Kenya Sport

Maresca Targets Malo Gusto as Manchester City Manager

Enzo Maresca has not even been unveiled at the Etihad yet, but the outline of his Manchester City already looks familiar. He wants the ball, he wants control – and he wants Malo Gusto.

According to reports, Maresca is pushing City to move for the French right-back he worked with at Chelsea, a clear early marker of how he intends to shape life after Pep Guardiola.

Maresca moves quickly in Guardiola’s shadow

City have reached an agreement on compensation with Chelsea and are set to confirm Maresca as their new manager, the man chosen to step into the space Guardiola leaves behind. It is the most daunting job in English football right now: follow a legend who turned City into the dominant force in the country and a benchmark in Europe.

Others have tried similar feats. David Moyes at Manchester United. Unai Emery at Arsenal. Both walked into dressing rooms still echoing with the voices of Sir Alex Ferguson and Arsène Wenger and discovered how unforgiving that comparison can be.

Maresca appears determined not to repeat that mistake. He wants his own players, his own lieutenants, his own version of City.

He has already been linked with moves for Cole Palmer and Enzo Fernandez, two of the brightest assets he left behind at Stamford Bridge. Chelsea, though, have drawn a hard line. Palmer is viewed as “untouchable”, while Real Madrid lead the chase for Fernandez, who is pushing for a move away.

So Maresca has turned to another of his former charges.

Gusto on the radar as Palestra slips away

Malo Gusto has emerged as a serious target. The 23-year-old, signed by Chelsea from Lyon in 2023 for around £31m, has grown into a mainstay at Stamford Bridge, racking up 134 appearances over the past three seasons and maturing into one of the Premier League’s most dynamic full-backs.

Chelsea are not closing the door. Reports this week suggested the club would listen to offers for Gusto, and with Marco Palestra heading to west London instead of Manchester, the situation has sharpened.

City had been in the race for Inter Milan defender Palestra, only to be forced to look elsewhere once Chelsea agreed a £51m deal. That decision has pushed Gusto higher up their list.

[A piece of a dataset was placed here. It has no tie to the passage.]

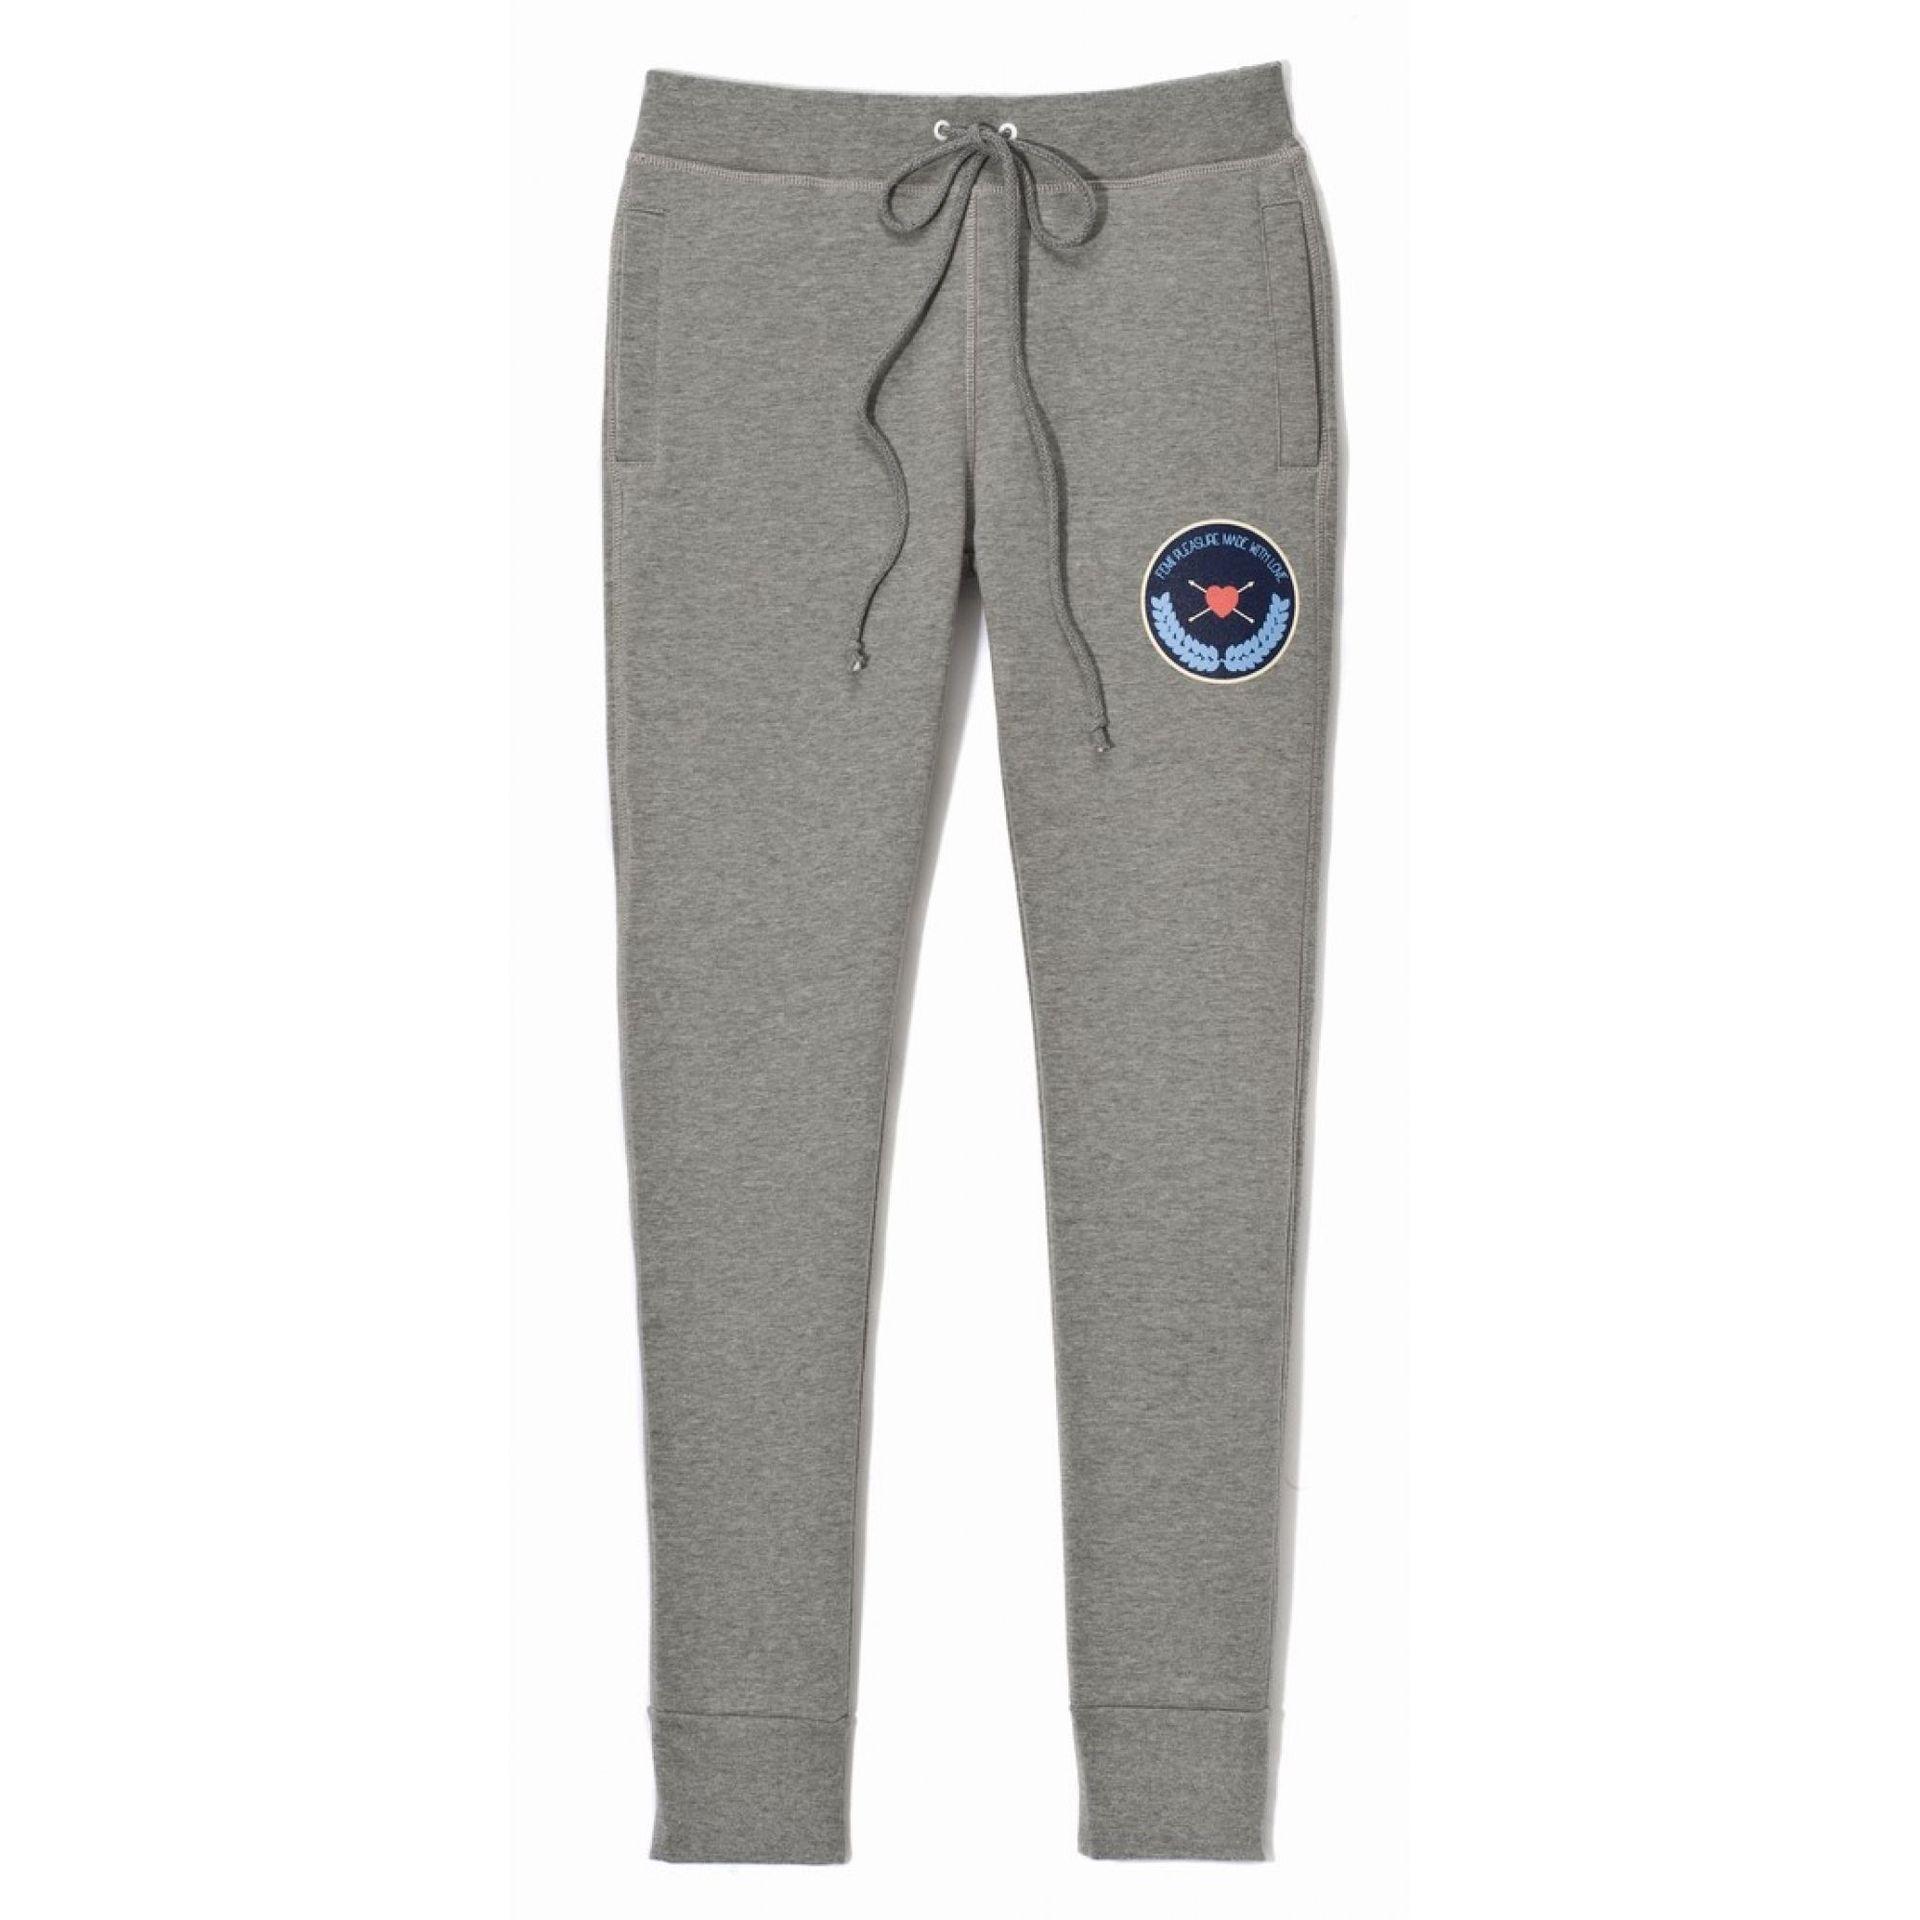 Spodnie Femipleasure Point szare

Chelsea, preparing to welcome Palestra, are understood to want at least £40m to even consider selling Gusto. For a club that has invested heavily in reshaping its defence, cashing in on a valuable asset while another arrives is a tempting piece of business logic. For Maresca, it is an opportunity to import a player who already understands his demands.

A World Cup shop window

Gusto’s profile is only growing. He is currently at the World Cup with a heavily fancied France squad and came off the bench in their 3–0 win over Iraq on Monday. Every minute he plays on that stage nudges his value and his visibility up another notch.

For City, that means one thing: move decisively, or risk losing another defensive target.

Midfield still the priority – but the right-back question looms

All this unfolds while City’s main transfer priority remains elsewhere. The champions-elect of the Guardiola era, who still managed a domestic cup double last season despite missing out on the league by seven points to Arsenal, are fixated on reinforcing midfield.

Elliot Anderson, England’s World Cup breakout star, sits at the top of their list. City are weighing up a third bid after Nottingham Forest rejected a second offer worth £120m. That saga will dominate much of their summer.

Yet modern City sides are built on the reliability of their full-backs. From João Cancelo to Kyle Walker, Guardiola’s system relied on wide defenders who could step into midfield, dictate tempo, and suffocate transitions. Maresca, steeped in that ideology, will not treat the right-back position as an afterthought.

Gusto fits that template: athletic, aggressive, technically assured, and already versed in Maresca’s positional demands from their time together at Chelsea.

A new era, familiar ambition

Maresca’s Chelsea stint ended abruptly in January, less than six months after he lifted the Club World Cup at the end of his first season in charge. Now he inherits a City side used to winning, used to pressure, used to expectation.

Guardiola’s final campaign fell short of the Premier League title, but City still collected two domestic trophies and finished within touching distance of Arsenal. This is not a rebuild from rubble; it is a recalibration at the top.

The Italian’s push for Gusto signals that he does not intend to simply preserve what Guardiola left behind. He wants to bend it, subtly but decisively, into his own image.

If City meet Chelsea’s price and prise Gusto away, it will be the first clear sign of how Maresca plans to redraw the Guardiola blueprint. If they hesitate and watch another target disappear to Stamford Bridge or elsewhere, the question will linger: how quickly can the new man really make this City side his own?